Shiftless, a Critical Piece of the Innate Immune Response to Viral Infection

Abstract

Since its initial characterization in 2016, the interferon stimulated gene Shiftless (SHFL) has proven to be a critical piece of the innate immune response to viral infection. SHFL expression stringently restricts the replication of multiple DNA, RNA, and retroviruses with an extraordinary diversity of mechanisms that differ from one virus to the next. These inhibitory strategies include the negative regulation of viral RNA stability, translation, and even the manipulation of RNA granule formation during viral infection. Even more surprisingly, SHFL is the first human protein found to directly inhibit the activity of the -1 programmed ribosomal frameshift, a translation recoding strategy utilized across nearly all domains of life and several human viruses. Recent literature has shown that SHFL expression also significantly impacts viral pathogenesis in mouse models, highlighting its in vivo efficacy. To help reconcile the many mechanisms by which SHFL restricts viral replication, we provide here a comprehensive review of this complex ISG, its influence over viral RNA fate, and the implications of its functions on the virus-host arms race for control of the cell.

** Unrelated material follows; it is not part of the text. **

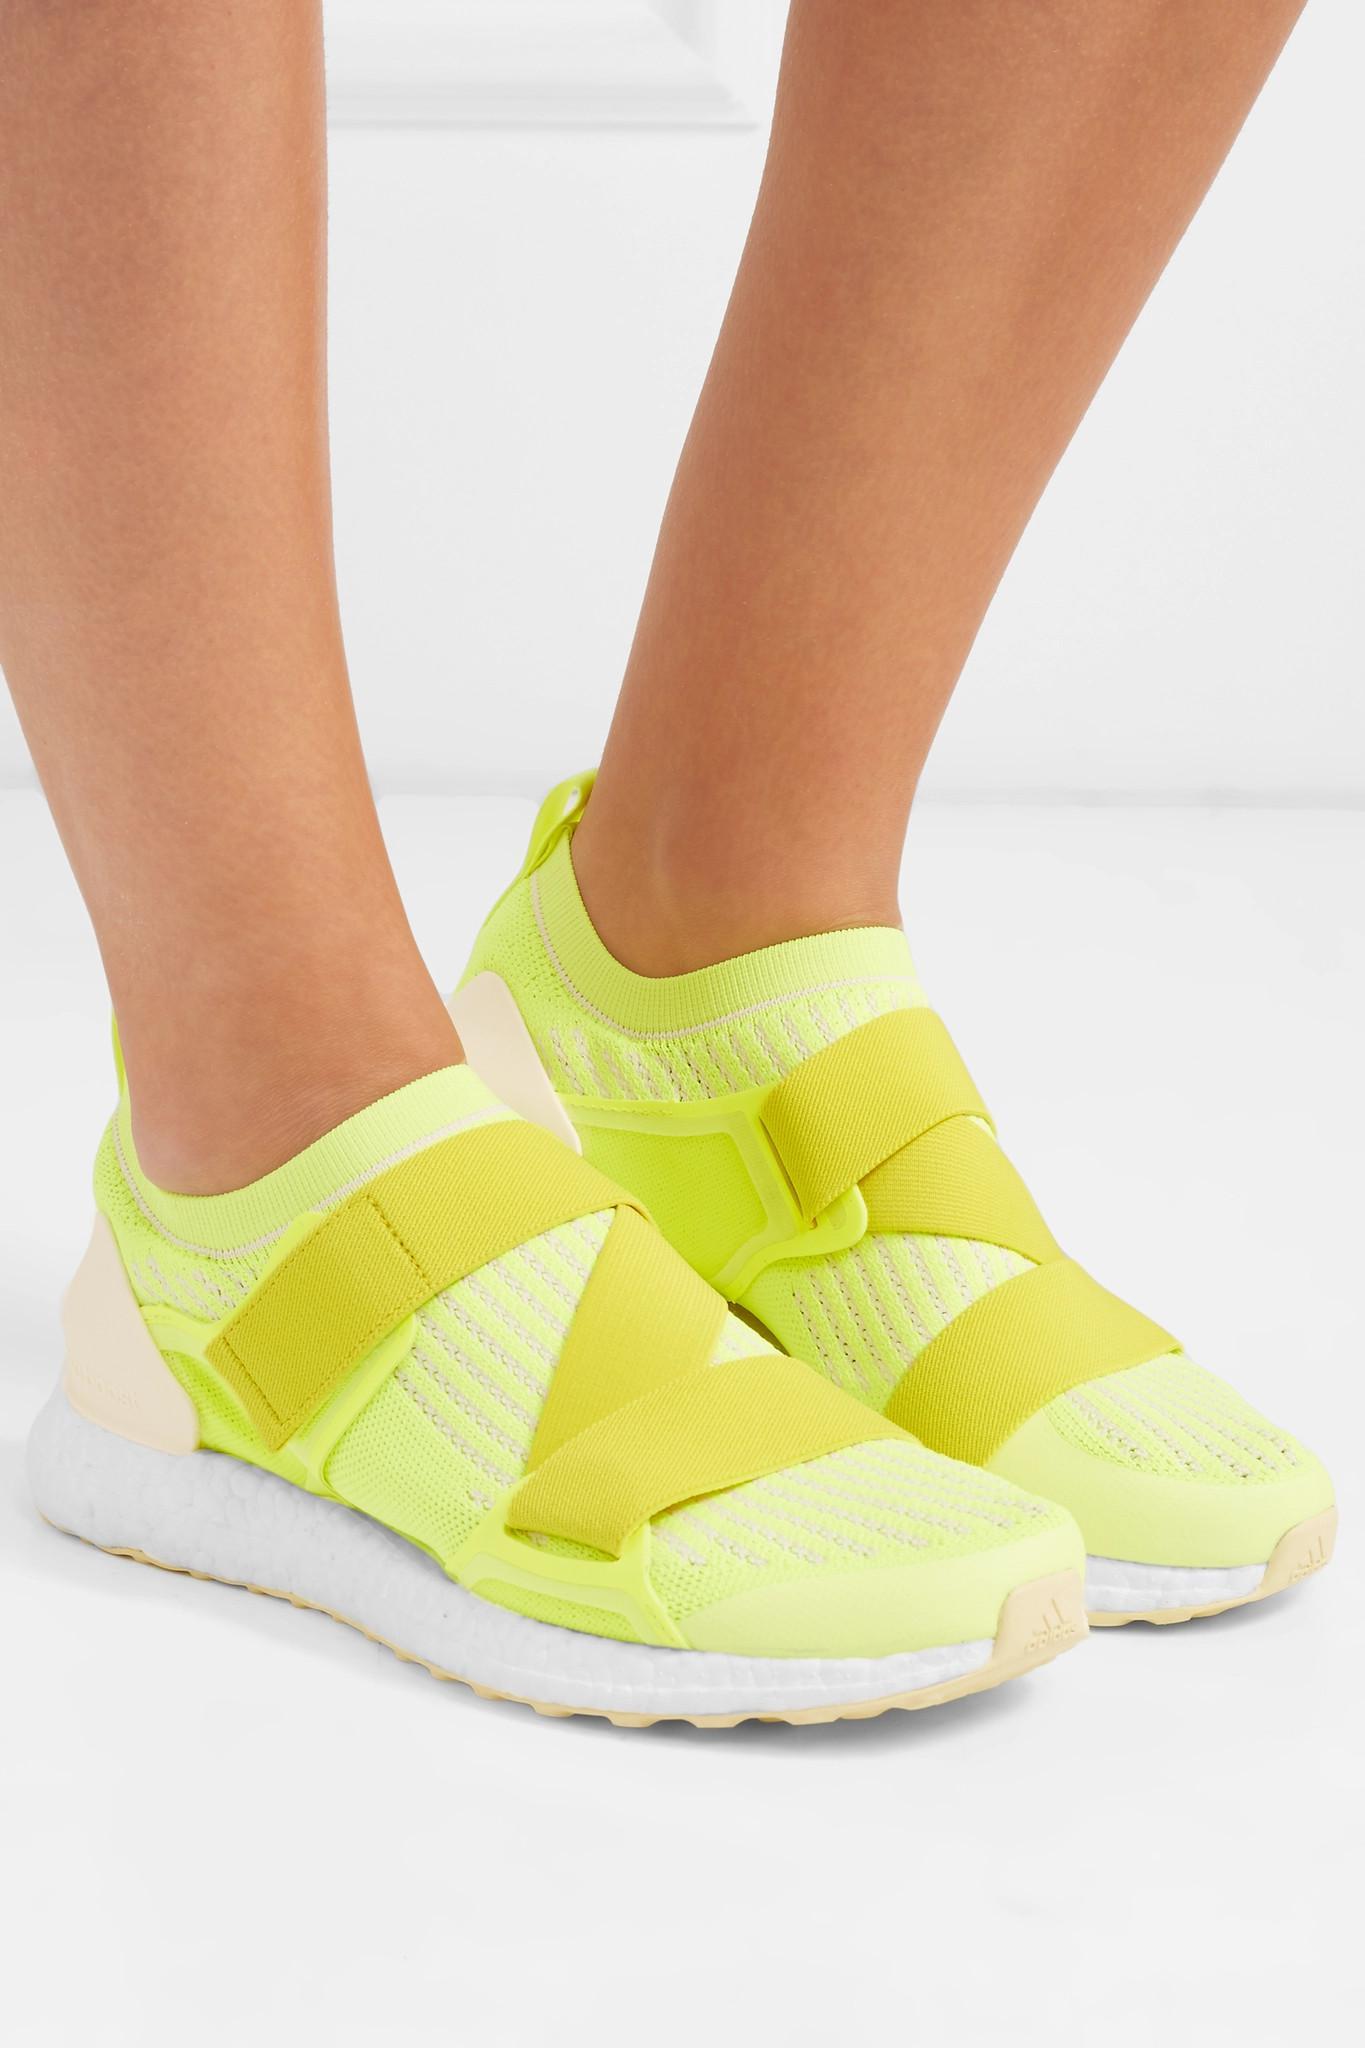 0bbf5b2219f Lyst - adidas By Stella McCartney Ultraboost X Neon Primeknit ...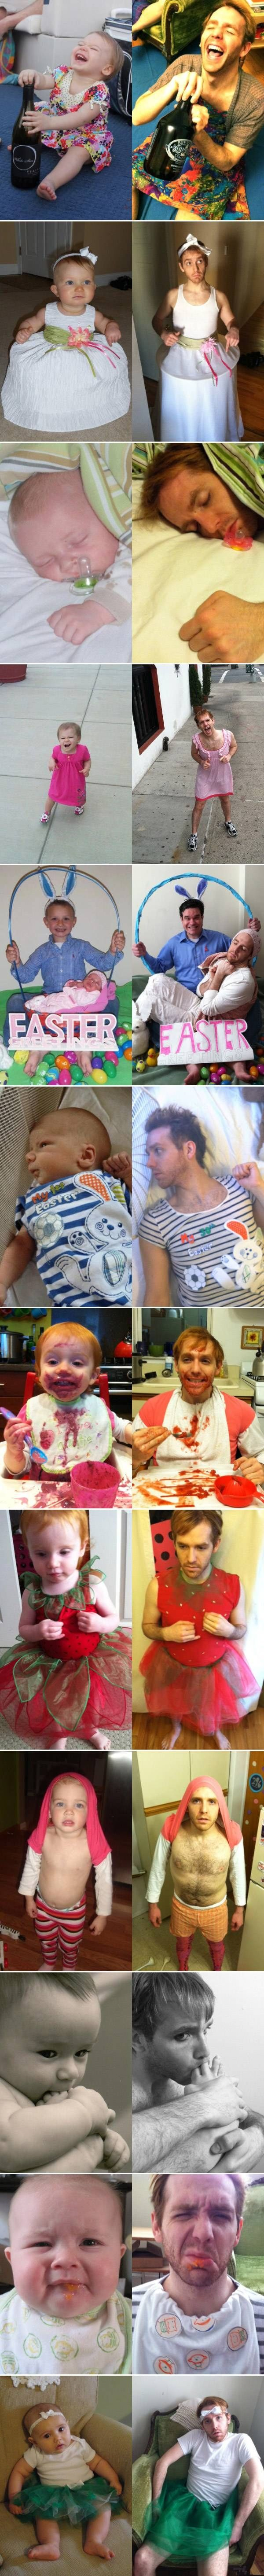 One man's journey to recreate his girlfriend's baby photos..... hahaha

Keywords: C19ORF66; FLJ11286; IRAV; ISG; RNA granules; RNA stability; RyDEN; SVA-1; innate immune response; ribosomal frameshift; shiftless; translation.

Figure 1

Shiftless Protein Structure. Shiftless is a 291aa long protein of 33 kDa molecular weight. (A) Highlighted in Red is the PABPC-binding domain (PABPC-BD) which also encompasses the Zinc-Ribbon Domain (112–135) and the Nuclear Localization Signal (121–173). Highlighted in Blue is the -1 Programmed Ribosomal Frameshift (PRF) (169–199). Highlighted in Yellow is the C-terminal domain containing the Glutamic Acid (E)-Rich Domain (270–286) and the Nuclear Export Signal (261–269). (B) Alphafold2 predicted protein structure of Shiftless. The PABPC-BD, -1PRF Domain, and the C-terminal Domain are Red, Blue, and Yellow respectively. Also highlighted in orange is the Nuclear Localization Signal and in pink is the Nuclear Export Signal [26,27].

Figure 2

Shiftless Mechanisms of Restricting Viral Infection. Shiftless (SHFL) has been demonstrated to be a potent broad-spectrum anti-viral factor that is upregulated in response to viral infection and interferon signaling. SHFL restricts viral infection through several mechanisms summarized here: (1) SHFL directly interfaces with viral genomic RNA and viral mRNA and restricts viral gene expression at various stages between RNA stability and translation. For flaviviruses, SHFL binds to viral genomic RNA at the 3′ end and may relocalize it to Processing bodies to trigger RNA decay or directly interfere with polyprotein translation. (2) SHFL is one of the first human proteins shown to directly restrict the function of the -1 programmed ribosomal frameshift (-1PRF), a cis-RNA element that extends the coding capacity of several retro- and RNA viruses. The -1PRF signal triggers a non-canonical ribosome rotation, signaling the recruitment of SHFL and eukaryotic ribosome release factors (eRF1/eRF3), which synergistically halt and then trigger the premature release of the ribosome from frameshifting viral RNA. (3) For HCV and YFV, SHFL expression decreases the level of PI(4)P in the cell, a lipid precursor that directly contributes to the formation of the viral membranous web, a collection of reorganized lipid membranes that house viral replication compartments. SHFL was also shown to interact with and localize to Stress Granules during HCV infection. (4) Lastly, SHFL has been recently shown to bind to and trigger the degradation of select viral proteins through lysosomal or ubiquitination based pathways. Abbreviations: Shiftless (SHFL), Dengue virus (DENV), Encephalomyocarditis virus (EMCV), Yellow Fever virus (YFV), Hepatitis C virus (HCV), Kaposi’s sarcoma-associated herpesvirus (KSHV), Human Immunodeficiency virus 1 (HIV-1), Japanese Encephalitis virus (JEV), Zika virus (ZIKV), Porcine Epidemic Diarrhea virus (PEDV), Poly-A Binding Protein (PABP), La-associated RNA binding protein (LARP), eukaryotic Initiation Factor 4G (eIF4G), eukaryotic Initiation Factor 4E (eIF4E), Processing bodies (P-bodies).